Alba: "El proyecto de la izquierda socialdemócrata en este país ha culminado en este último ciclo político, contando con una correlación de fuerzas que lo hacía posible. Pero si ni siquiera han sido capaces de conseguir mejoras claras para nuestra clase en un contexto donde tenían todo a favor, ¿qué tienen ahora para ofrecernos?".
Alba: Un buen ejemplo para explicar a qué nos referimos cuando hablamos de la unidad entre formaciones de distintos colores y de cómo tratan de camuflar los intereses de clase que les subyacen, serían los recientes anuncios de inversiones en industria militar para la comunidad que hemos citado antes. Estas medidas se venderán como positivas para los trabajadores, porque producirán puestos de trabajo que darán estabilidad a la región y contribuirán a reducir la despoblación. A su vez, siendo conscientes de que sólo reforzando militarmente a nuestros Estados se puede resguardar su posición imperialista, presenciamos un silencio cómplice del conjunto de los partidos políticos. Sin embargo, lejos de suponer la vía para la mejora de nuestras condiciones de vida, forman parte de un rumbo ya definido a escala europea, en el que el rearme y el militarismo aparecen como una salida reaccionaria a la crisis del capitalismo, y en el que los territorios compiten por atraer proyectos que no responden a necesidades sociales, sino a prioridades estratégicas del capital. Son una manzana envenenada.
El problema no es solo que estos proyectos beneficien a grandes capitales como Indra, sino que consolidan un modelo en el que la clase trabajadora paga los costes. Bajo la promesa de empleo y desarrollo, se refuerza una estructura que no mejora nuestras condiciones de vida. Al final, servirá para seguir alimentando el camino hacia una guerra que nuestra clase tendrá que pagar con sus vidas.

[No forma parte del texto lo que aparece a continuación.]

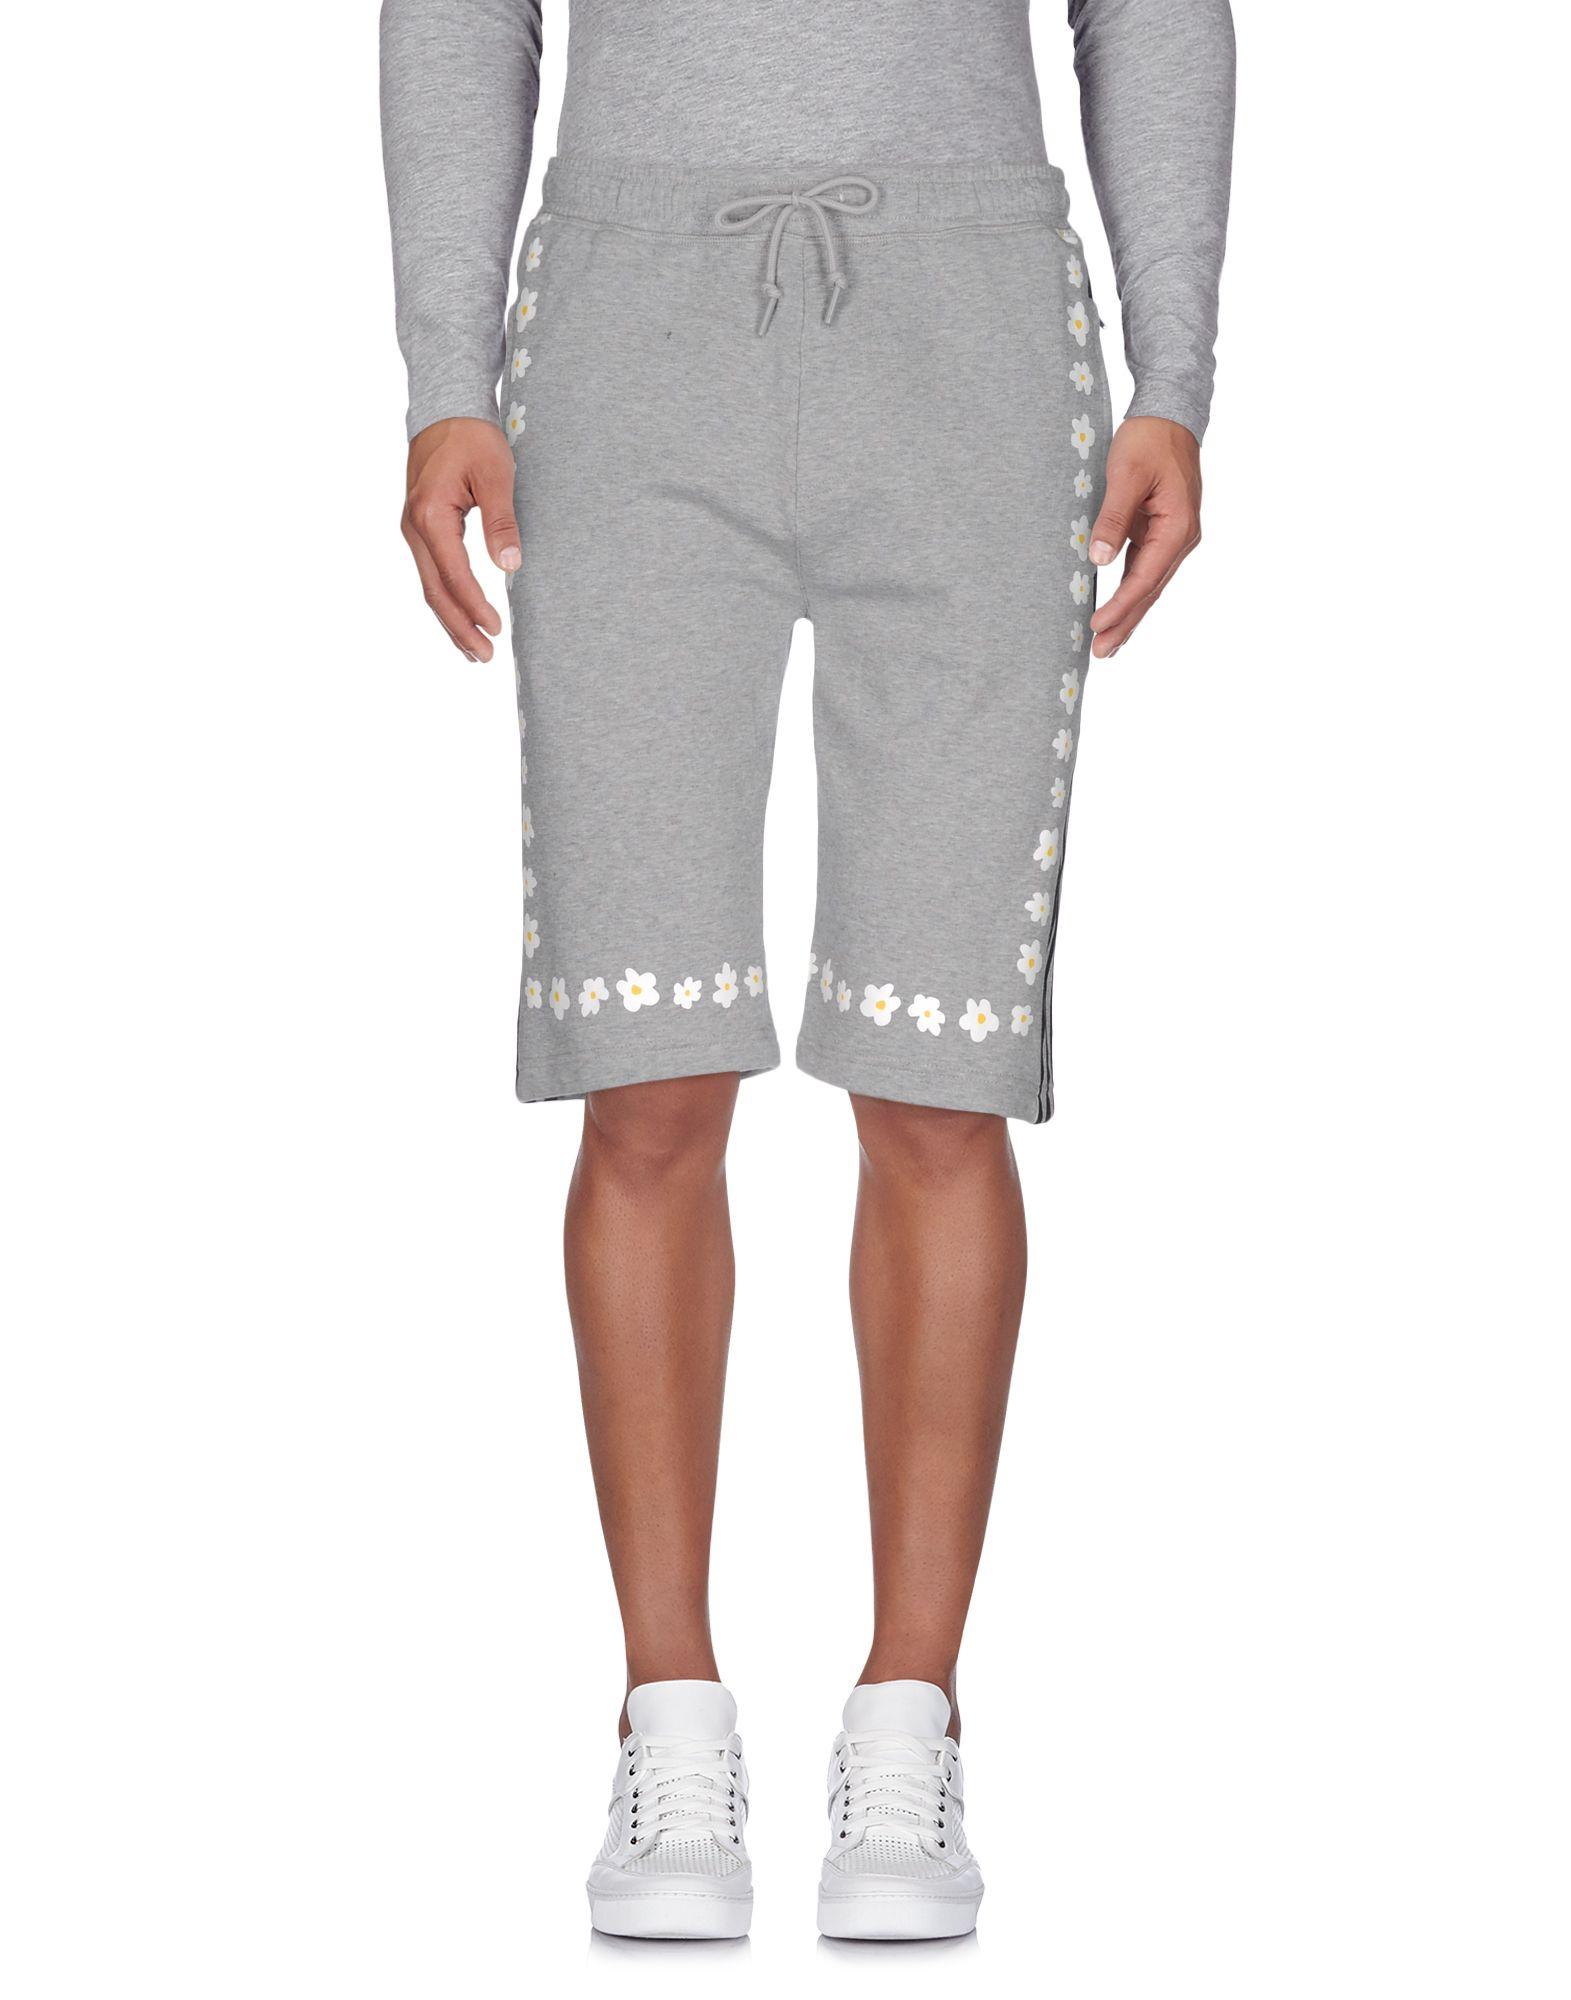 ADIDAS ORIGINALS by PHARRELL WILLIAMS Бермуды adidas x pharrell little kids superstar supercolor

En definitiva, todas estas políticas muestran lo mismo: mientras no exista una alternativa política propia de la clase trabajadora capaz de disputar ese rumbo general, las elecciones solo deciden quién administra mejor su subordinación. El problema no es la falta de buenos gestores, sino la ausencia de un poder de de clase que pueda confrontar el marco en el que hoy se toman las decisiones fundamentales. Por eso, en el momento actual, la tarea central es construir una alternativa política de clase.